Saad, S., Dunn, L. B., Koetters, T., Dhruva, A., Langford, D. J., Merriman, J. D., West, C., Paul, S. M., Cooper, B., Cataldo, J., Hamolsky, D., Elboim, C., Aouizerat, B. E., & Miaskowski, C. (2014). European Journal of Oncology Nursing, 18(4), 397-404. 10.1016/j.ejon.2014.03.009
Abstract
Purpose: This study explored the relationships between variations in cytokines genes and depressive symptoms in a sample of patients who were assessed prior to and for six months following breast cancer surgery. Phenotypic differences between Resilient (n = 155) and Subsyndromal (n = 180) depressive symptom classes, as well as variations in cytokine genes were evaluated. Method: Patients were recruited prior to surgery and followed for six months. Growth mixture modeling was used to identify distinct latent classes based on Center for Epidemiological Studies Depression (CES-D) Scale scores. Eighty-two single nucleotide polymorphisms and 35 haplotypes among 15 candidate cytokine genes were evaluated. Results: Patients in the Subsyndromal class were significantly younger, more likely to be married or partnered, and reported a significantly lower functional status. Variation in three cytokine genes (i.e., interferon gamma receptor 1 (IFNGR1 rs9376268), interleukin 6 (IL6 rs2069840), tumor necrosis factor alpha (TNFA rs1799964)), as well as age and functional status predicted membership in the Subsyndromal versus the Resilient class. Conclusions: A variation in TNFA that was associated with Subsyndromal depressive symptoms in a sample of patients and their family caregivers was confirmed in this sample. Variations in cytokine genes may place these patients at higher risk for the development of Subsyndromal levels of depressive symptoms.

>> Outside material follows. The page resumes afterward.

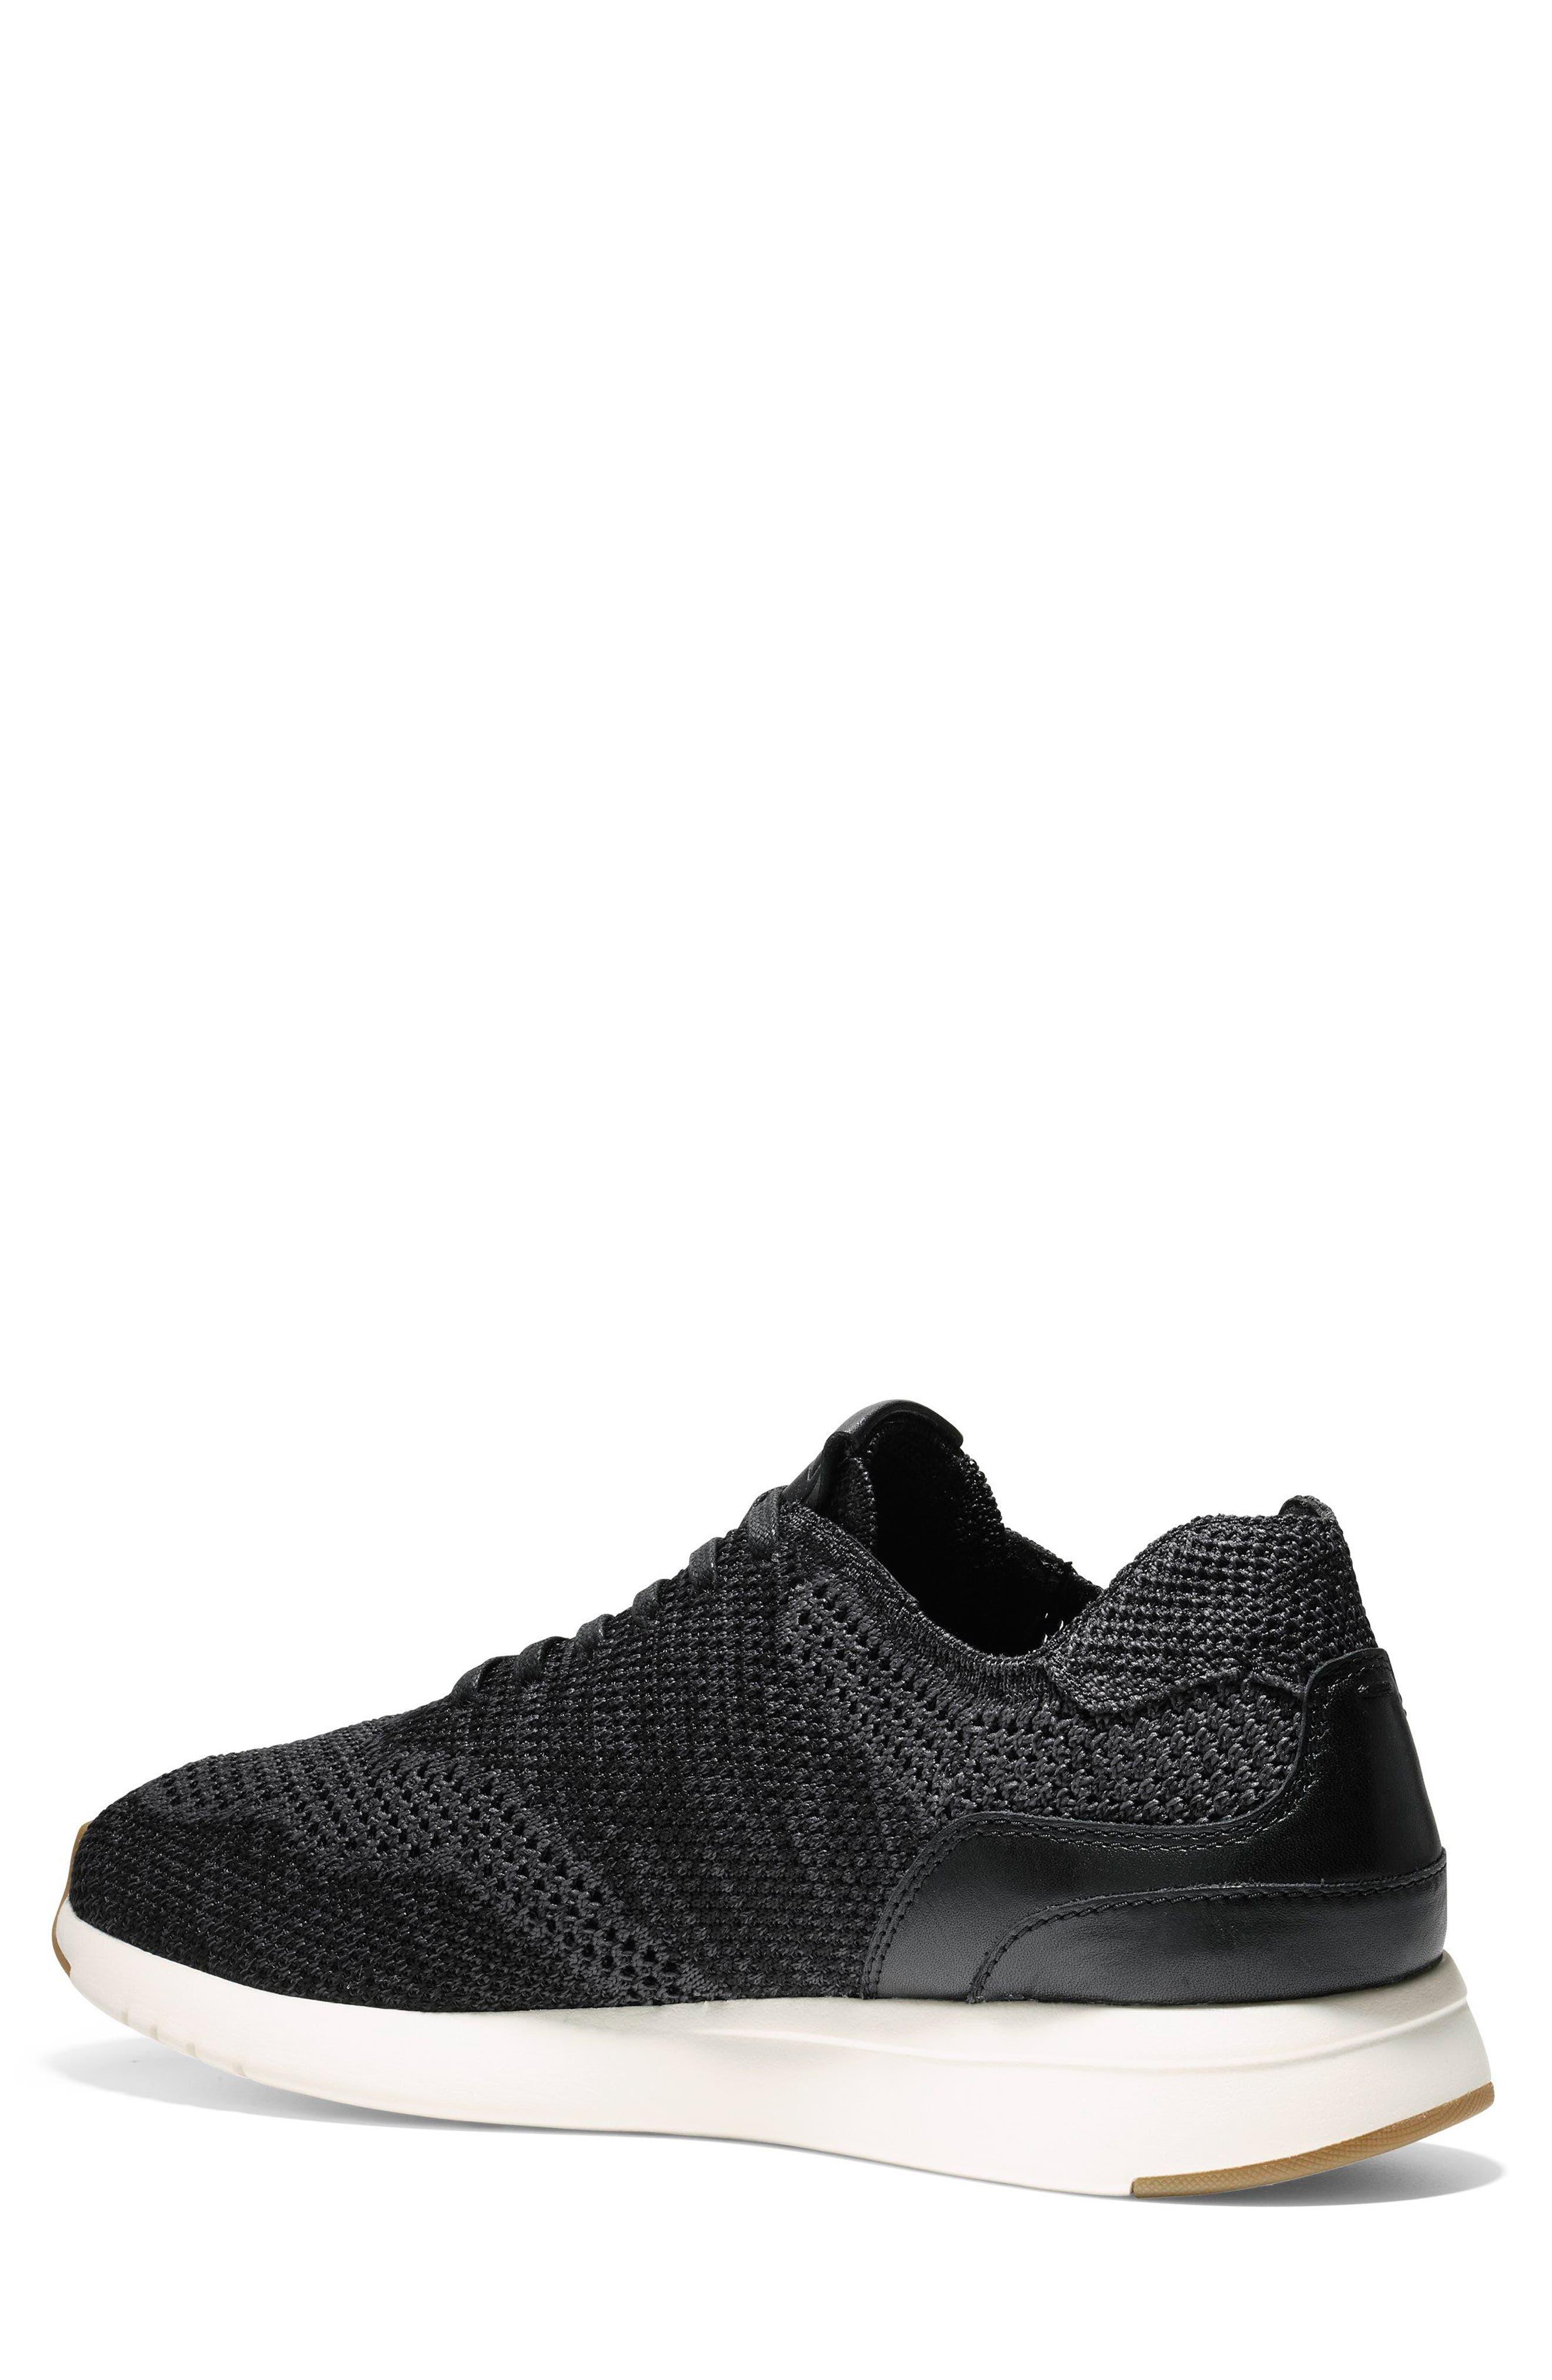 GrandPro Runner Stitchlite Sneaker,                             Alternate thumbnail 2, color,                             Black / Magnet

Differences in the symptom experience of older oncology outpatients

Ritchie, C., Dunn, L. B., Paul, S. M., Cooper, B. A., Skerman, H., Merriman, J. D., Aouizerat, B., Alexander, K., Yates, P., Cataldo, J., & Miaskowski, C. (2014). Journal of Pain and Symptom Management, 47(4), 697-709. 10.1016/j.jpainsymman.2013.05.017
Abstract
Context The relatively low number of older patients in cancer trials limits knowledge of how older adults experience symptoms associated with cancer and its treatment. Objectives This study evaluated for differences in the symptom experience across four older age groups (60-64, 65-69, 70-74, 75 years). Methods Demographic, clinical, and symptom data from 330 patients aged >60 years who participated in one Australian and two U.S. studies were evaluated. The Memorial Symptom Assessment Scale was used to evaluate the occurrence, severity, frequency, and distress of 32 symptoms commonly associated with cancer and its treatment. Results On average, regardless of the age group, patients reported 10 concurrent symptoms. The most prevalent symptoms were physical in nature. Worrying was the most common psychological symptom. For 28 (87.5%) of the 32 Memorial Symptom Assessment Scale symptoms, no age-related differences were found in symptom occurrence rates. For symptom severity ratings, an age-related trend was found for difficulty swallowing. As age increased, severity of difficulty swallowing decreased. For symptom frequency, age-related trends were found for feeling irritable and diarrhea, with both decreasing in frequency as age increased. For symptom distress, age-related trends were found for lack of energy, shortness of breath, feeling bloated, and difficulty swallowing. As age increased, these symptoms received lower average distress ratings. Conclusion Additional research is warranted to examine how age differences in symptom experience are influenced by treatment differences, aging-related changes in biological or psychological processes, or age-related response shift.